Radik Yamlikhanov

Personal information
- Full name: Radik Ramilyevich Yamlikhanov
- Date of birth: 30 January 1968 (age 57)
- Place of birth: Karmakaly, Russian SFSR
- Height: 1.79 m (5 ft 10 in)
- Position(s): Midfielder

Team information
- Current team: PFC CSKA Moscow (assistant coach)

Senior career*
- Years: Team / Apps / (Gls)
- 1988–1989: FC Iskra Smolensk / 69 / (4)
- 1990: FC Dynamo Kyiv / 0 / (0)
- 1990–1991: FC Fakel Voronezh / 49 / (7)
- 1992–1996: FC Uralmash Yekaterinburg / 138 / (10)
- 1997–2001: FC Fakel Voronezh / 144 / (5)
- 2002: FC Metallurg Lipetsk / 15 / (0)
- 2002: FC Neftekhimik Nizhnekamsk / 6 / (0)
- 2003: FC Ural Sverdlovsk Oblast / 12 / (0)
- 2004: FC Dynamo Voronezh

Managerial career
- 2004: FC Dynamo Voronezh (assistant)
- 2006: FC Irtysh Pavlodar (assistant)
- 2008: FC Naftovyk-Ukrnafta Okhtyrka (assistant)
- 2008–2009: FC Naftovyk-Ukrnafta Okhtyrka
- 2009–2010: FC Fakel Voronezh
- 2013–2014: FC Vybor-Kurbatovo Voronezh
- 2018–2020: FC Orenburg (assistant)
- 2020–2022: PFC Sochi (assistant)
- 2022–: PFC CSKA Moscow (assistant)

= Radik Yamlikhanov =

Russian footballer

Radik Ramilyevich Yamlikhanov (Радик Рамильевич Ямлиханов; born 30 January 1968) is a Russian professional football coach and a former player.
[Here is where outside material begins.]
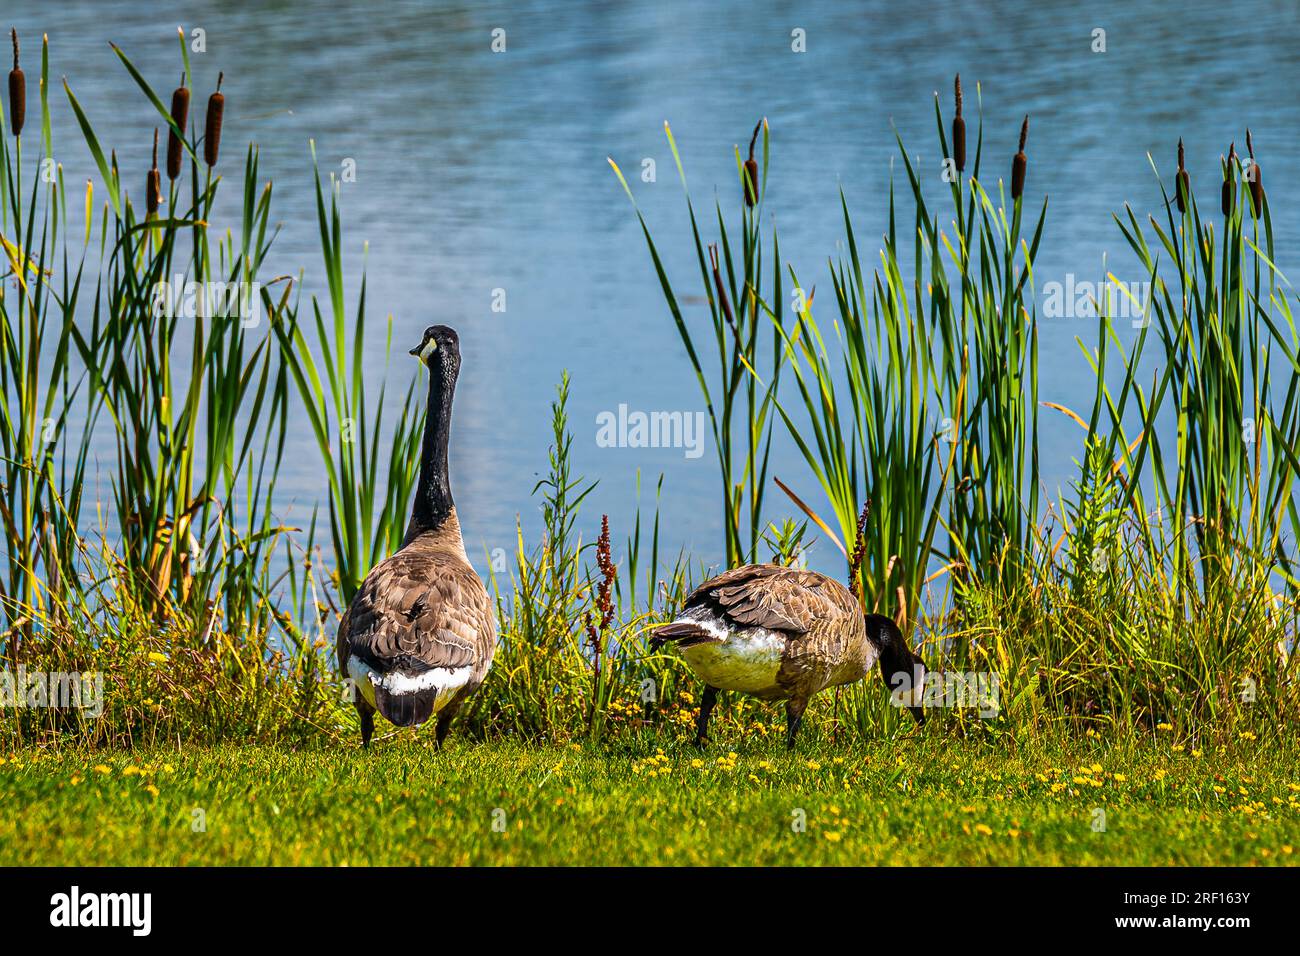 Canadian Goose (Branta canadensis), these geese can be found throughout Canada with a black head and neck, white cheeks, white chin, and brown body. Stock Photo

He is an assistant coach with PFC CSKA Moscow.

==Playing career==
As a player, he made his professional debut in the Soviet Second League in 1988 for FC Iskra Smolensk. He played 5 games and scored 1 goal in the UEFA Intertoto Cup 1996 for FC Uralmash Yekaterinburg.

==Personal life==
His son Robert Yamlikhanov is a professional football player.